Data Mining: Finding Similar Items and Users - bad_user
http://bionicspirit.com/blog/2012/01/16/cosine-similarity-euclidean-distance.html

======
zeratul
First, a distinction whether we are dealing with sparse data (nearly-binary
data) or dense data (nearly-continuous) should be made. Second, a distinction
whether we are calculating similarity for an unsupervised or a supervised
problem should be made. Then, present most common similarity measures and
variable selection algorithms for each of four type of problems.

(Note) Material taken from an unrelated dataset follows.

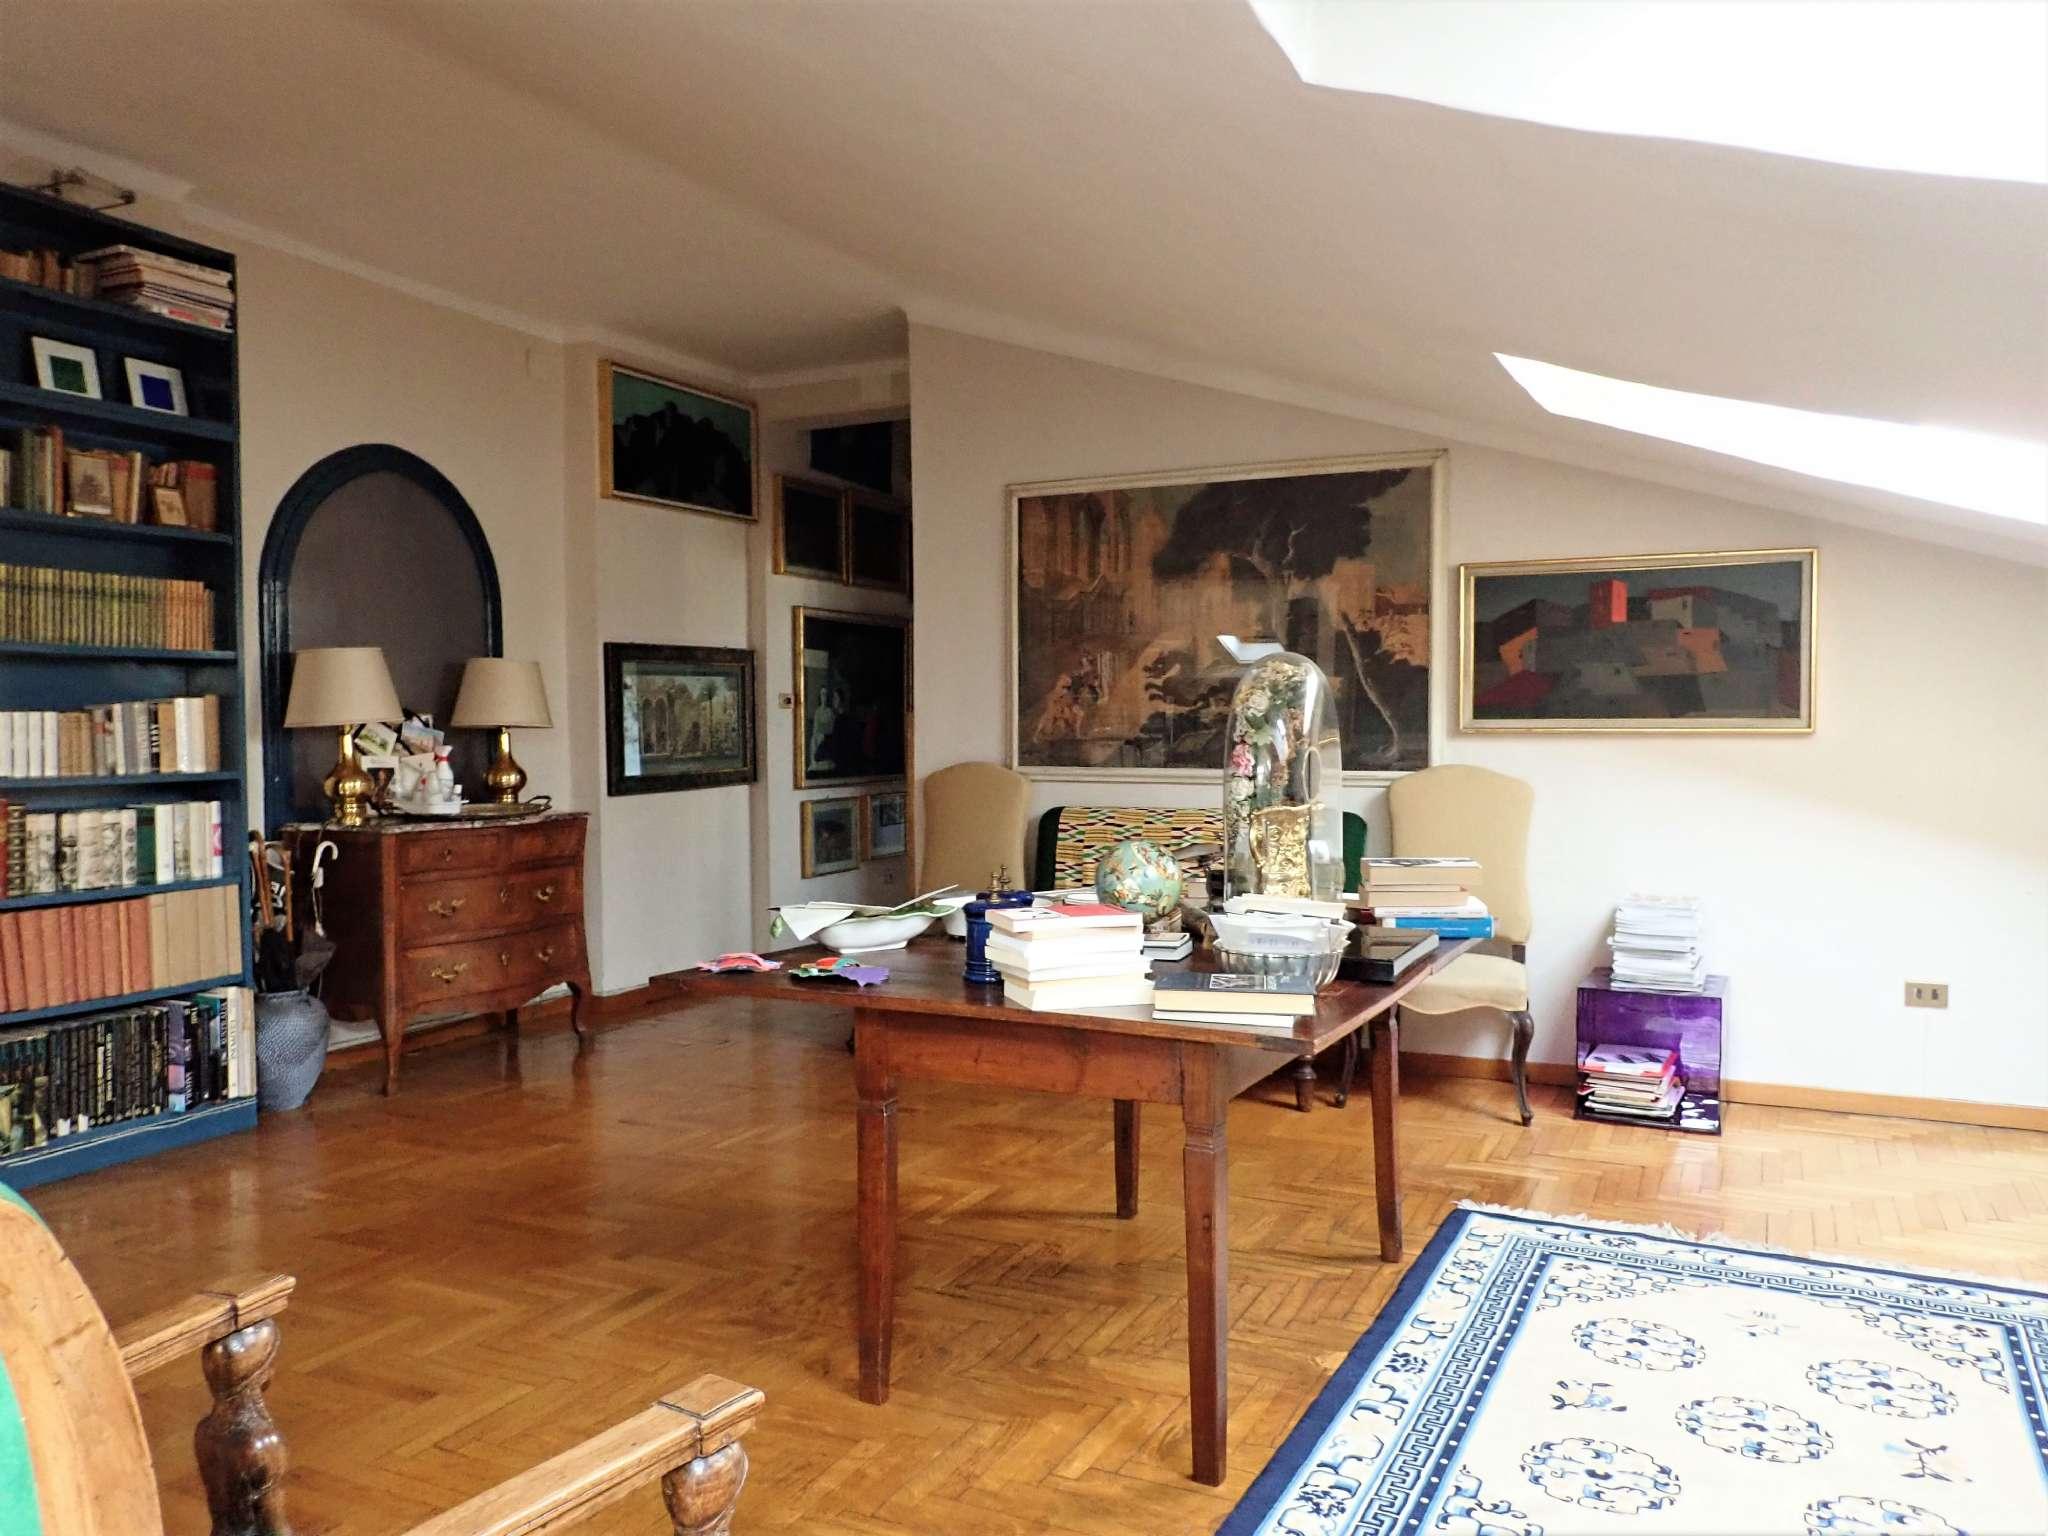 Attico in Vendita a Milano: 5 locali, 274 mq - Foto 11

This is a vast area of research. Diving head on might result in serious
injury. For example, R statistical package _simba_
(<http://cran.r-project.org/web/packages/simba/index.html>) lists 56 different
similarity/dissimilarity measures just for binary data.

------
kaddar
This is a bit of an oversimplification of data mining to the point where I am
not sure it is useful. Most interesting data exists in only a subset of a
large feature set, where most items are irrelevant to the similarity metric.
Take movies for example, if you tried to find similar movies using all
features, key grip names and minor actors would unrealistically mess up your
similarity score. This relates to the "curse of dimensionality".

Many data mining approaches first use a feature selection or feature
extraction approach. That is, an approach which finds the relevant feature
subsets, or discovers the underlying features of the data set.

Inverse Image search and the solution to the Netflix prize both used feature
extraction approaches.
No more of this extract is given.